🚀 原文链接:https://rasa.com/docs/rasa/generating-nlu-data

NLU (Natural Language Understanding) is the part of Rasa Open Source that performs intent classification, entity extraction, and response retrieval.

NLU will take in a sentence such as “I am looking for a French restaurant in the center of town” and return structured data like:

  1. {
  2. "intent": "search_restaurant",
  3. "entities": {
  4. "cuisine": "French",
  5. "location": "center"
  6. }
  7. }

Building NLU models is hard, and building ones that are production-ready is even harder. Here are some tips for designing your NLU training data and pipeline to get the most out of your bot.

1. Conversation-Driven Development for NLU

Conversation-Driven Development (CDD) means letting real user conversations guide your development. For building a great NLU model, this means two key things:

1.1 Gather Real Data

When it comes to building out NLU training data, developers are sometimes tempted to use text generation tools or templates to quickly increase the number of training examples. This is a bad idea for two reasons:

  • First, your synthetic(人造的) data won’t look like the messages that users actually send to your assistant, so your model will underperform.
  • Second, by training and testing on synthetic data, you trick yourself into thinking that your model is actually performing well, and you won’t notice major issues.
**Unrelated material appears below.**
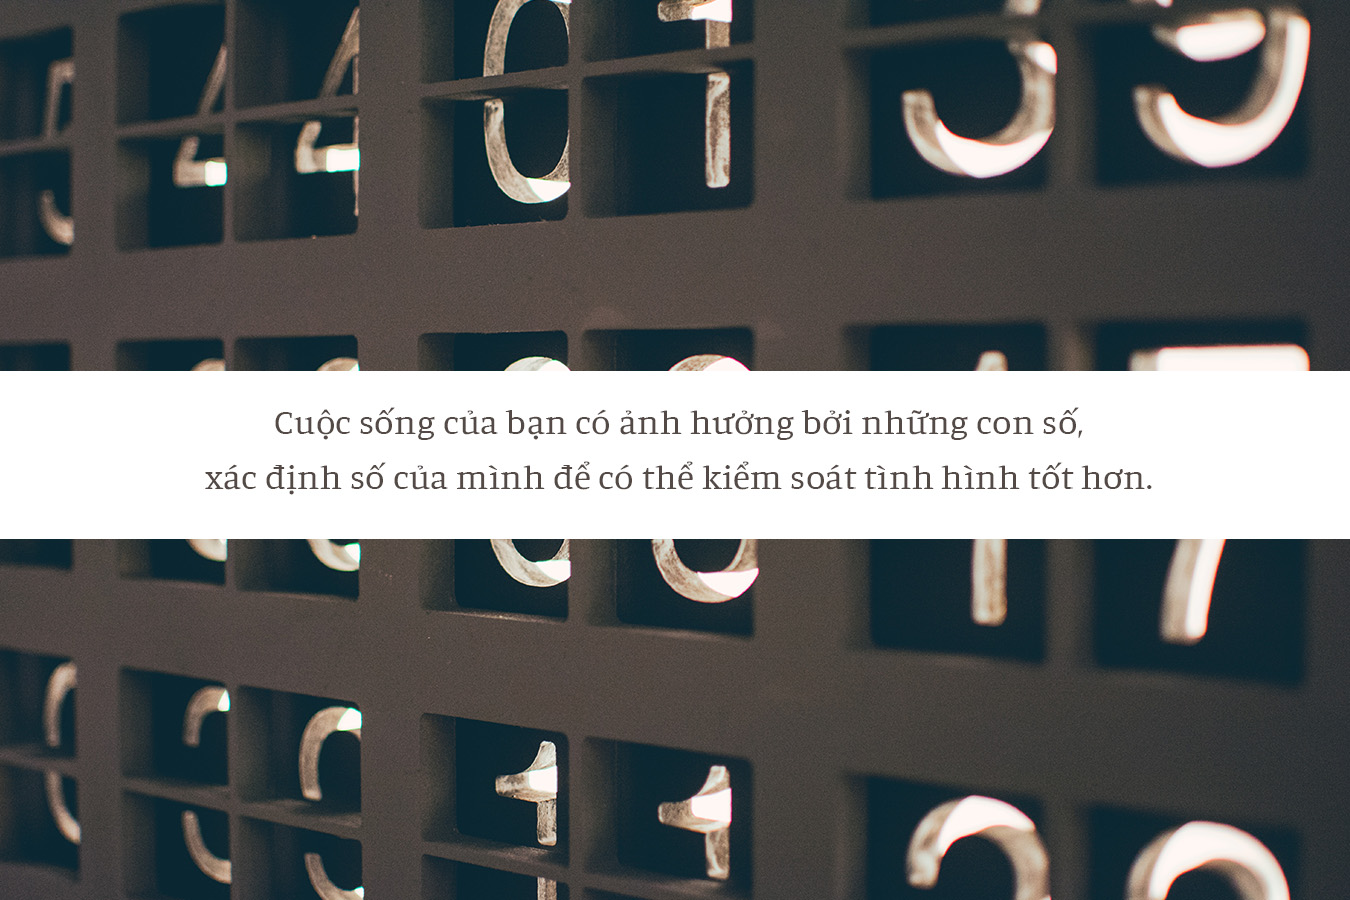 Ảnh: unsplash.com Edit: Nguyễn Hiếy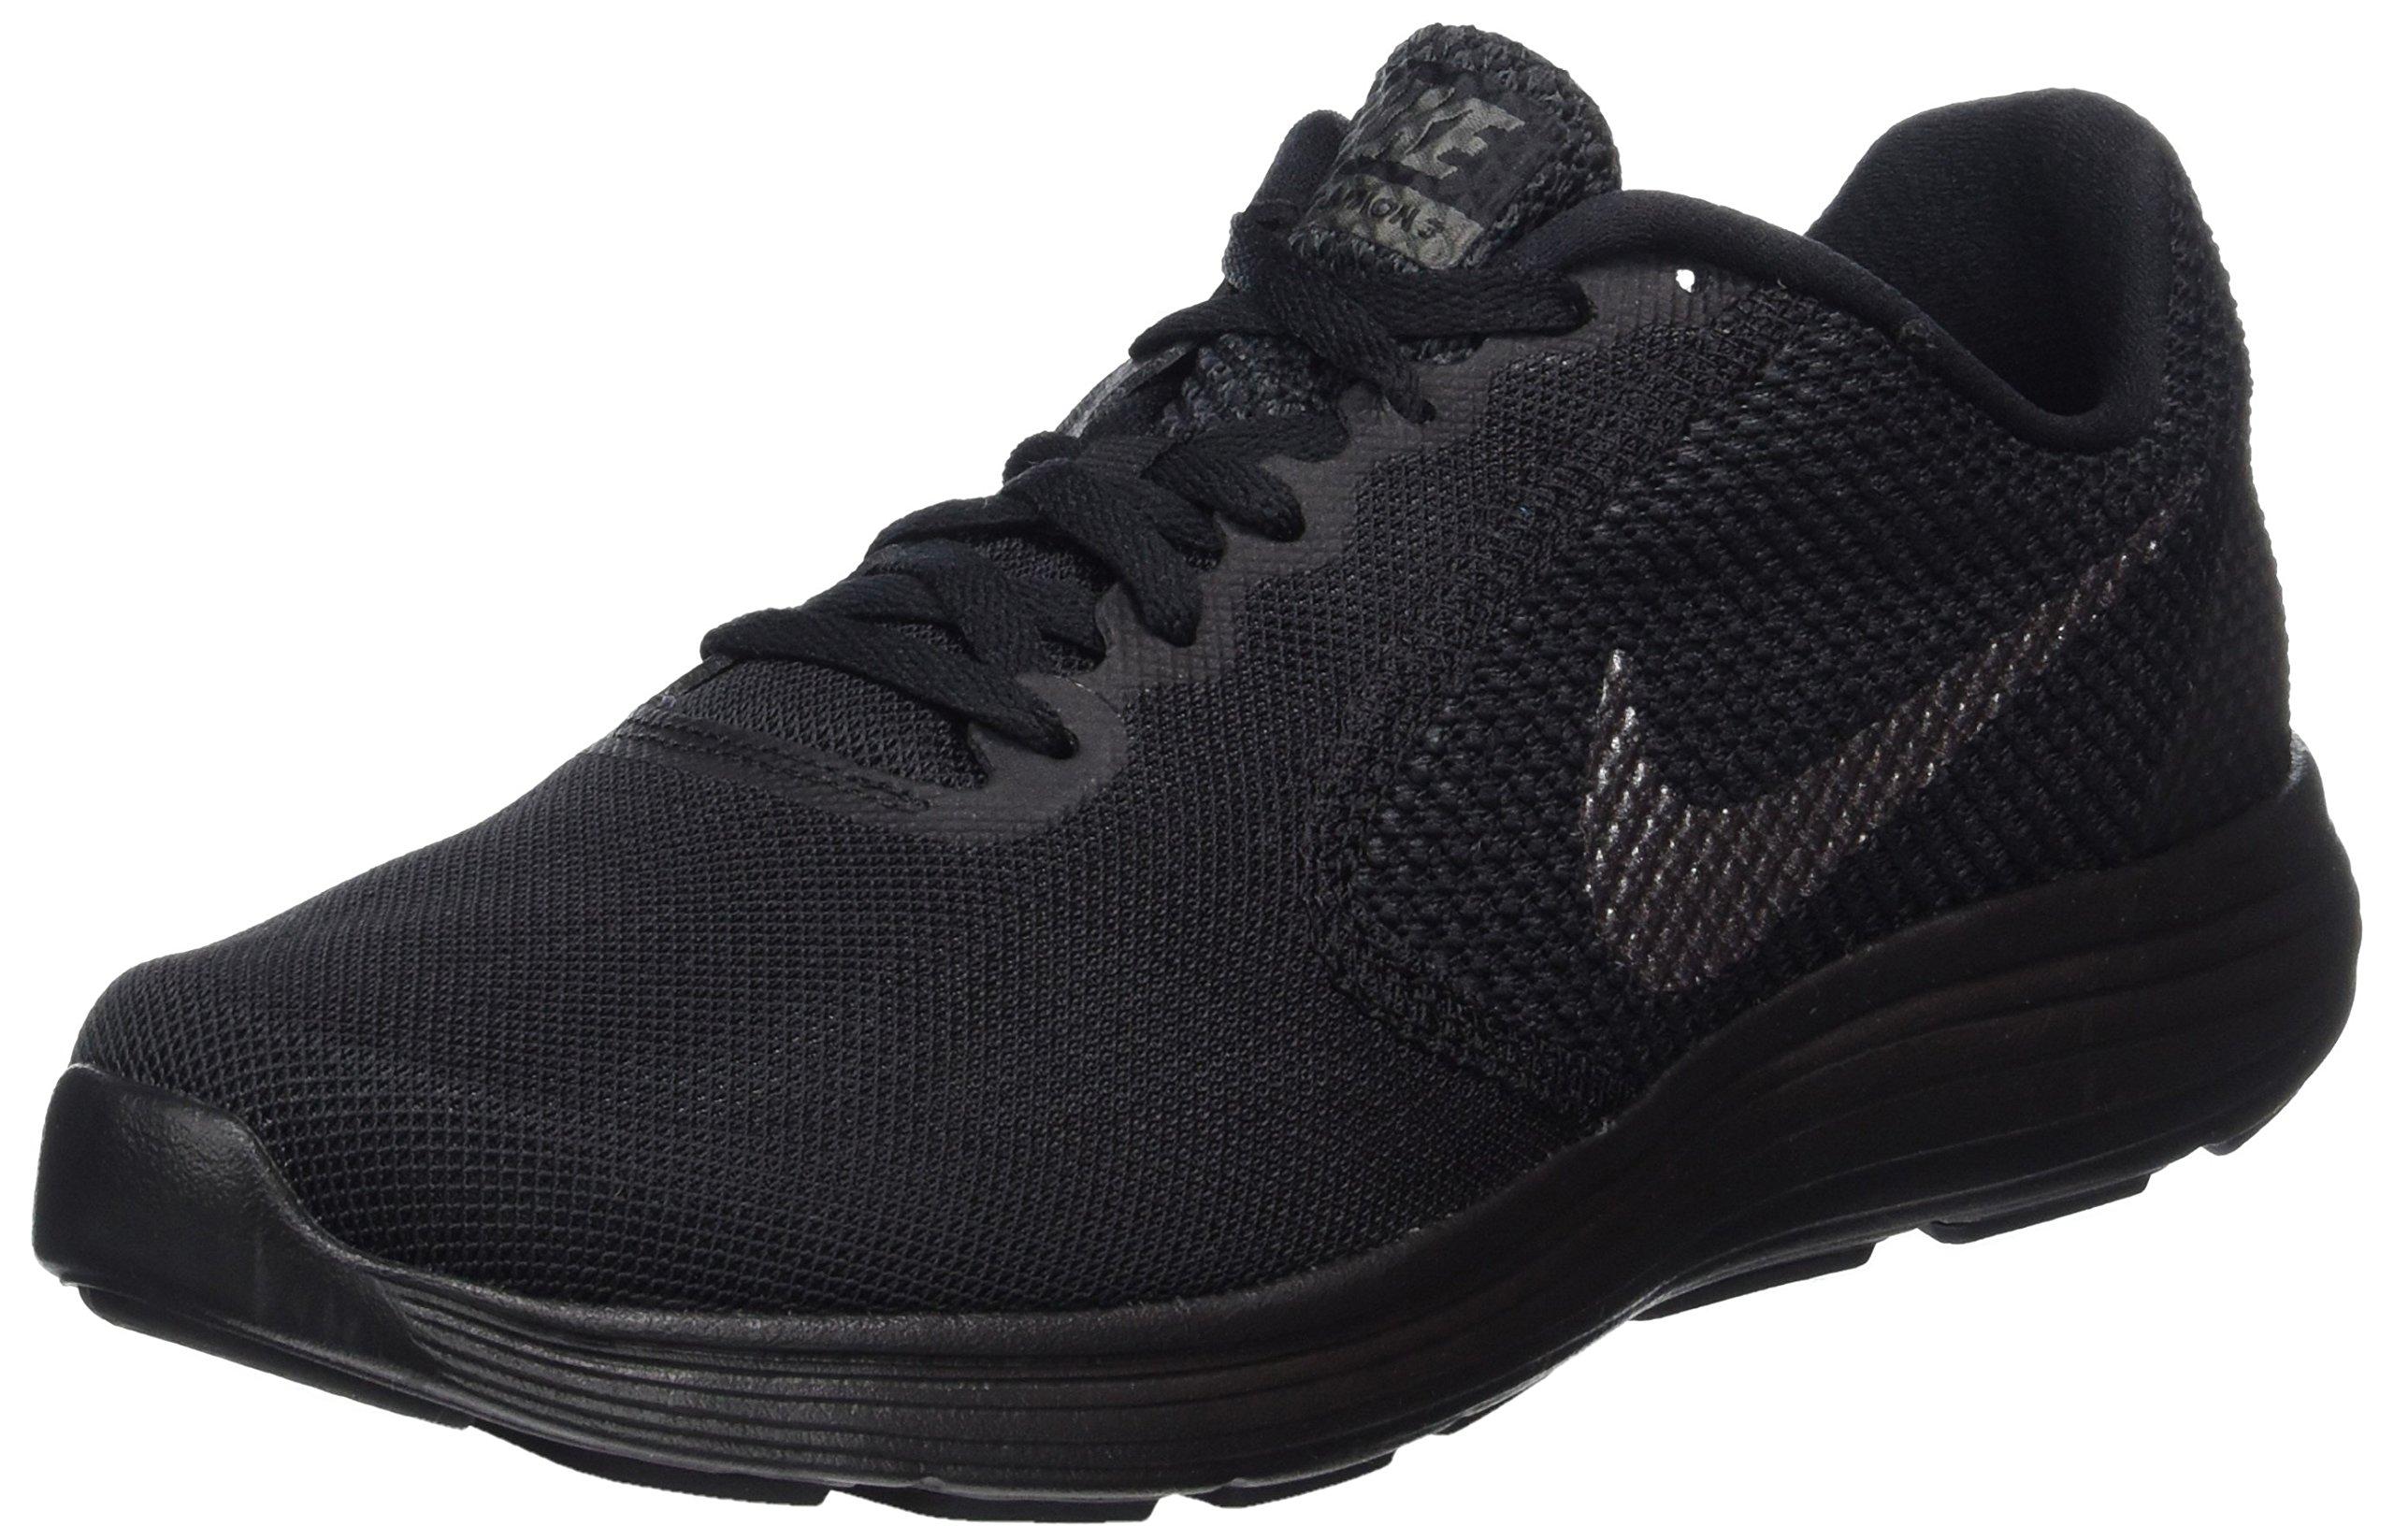 NIKE Men's Revolution 3 Running Shoe, Black/Metallic Dark Grey/Anthracite, 7 D(M) US

Remember that if you use a script to generate training data, the only thing your model can learn is how to reverse-engineer the script.

To avoid these problems, it is always a good idea to collect as much real user data as possible to use as training data. Real user messages can be messy, contain typos, and be far from ‘ideal’ examples of your intents. But keep in mind that those are the messages you’re asking your model to make predictions about! Your assistant will always make mistakes initially, but the process of training & evaluating on user data will set your model up to generalize much more effectively in real-world scenarios.

1.2 Share with Test Users Early

In order to gather real data, you’re going to need real user messages. A bot developer can only come up with a limited range of examples, and users will always surprise you with what they say. This means you should share your bot with test users outside the development team as early as possible. See the full CDD guidelines for more details.